I'm not denying your lesson, of course. To this day we still have some
Lunascript in the codebase, and it does create some developer friction that
costs real time. In retrospect, I'm sure it seems obvious that we should
skipped the language and just built the framework.

However, it's important to understand that the language itself was built
mostly by Justin very early in the company's history, and basically no work
was poured into it after we hired employees and built out the product. One
framing of Lunascript is two guys taking a few months to try a few big ideas
out before building a company they want to do the right way. We always knew we
would have to compromise on ideals once we moved forward, but we wanted to see
what stuck. I think a lot of the reason we're under scrutiny here is because
people look at the time since D+J left Facebook and are like "what did you
guys do with all that time?" The answer is the company didn't get started in
earnest until almost a year later when we hired Greg and Malcolm.

------
netmau5
Rewriting a web framework from the ground up is so often a trap made alluring
by the illusion of repeated code.
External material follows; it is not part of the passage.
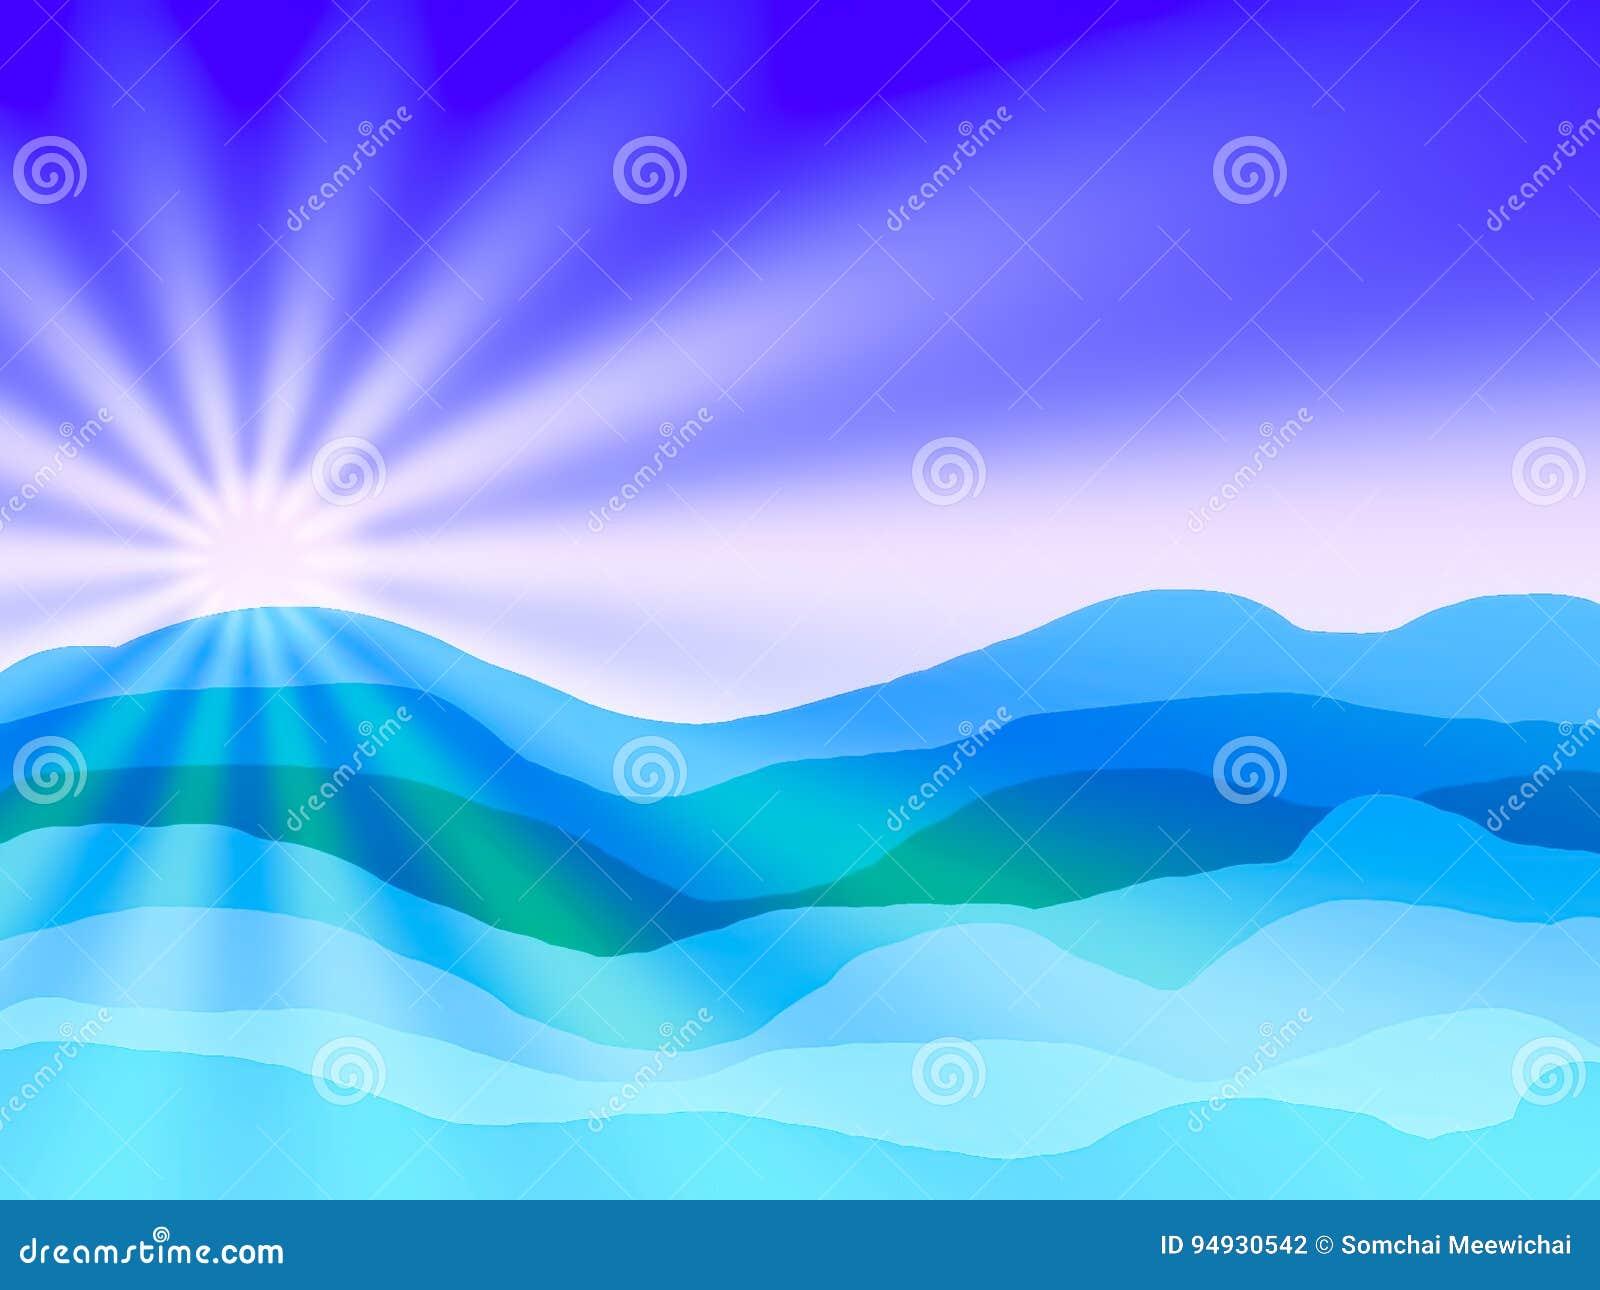 Mar Y Sol Abstracto Y Cielo Azul Con El Dibujo Stock De Ilustración

Could there be a more optimal way of writing
UI code? Of course. But a lot of UI code should just be treated for what it
is: largely unmaintainable and unextendable, especially in the face of design
changes. I'd love to spend a weekend hacking out a sexy, interactive app, but
I'm not yet willing to invest 2 years to save a couple days of redundant
development. I'll leave that for the companies not worried about making money
or do it on the side through an open source project.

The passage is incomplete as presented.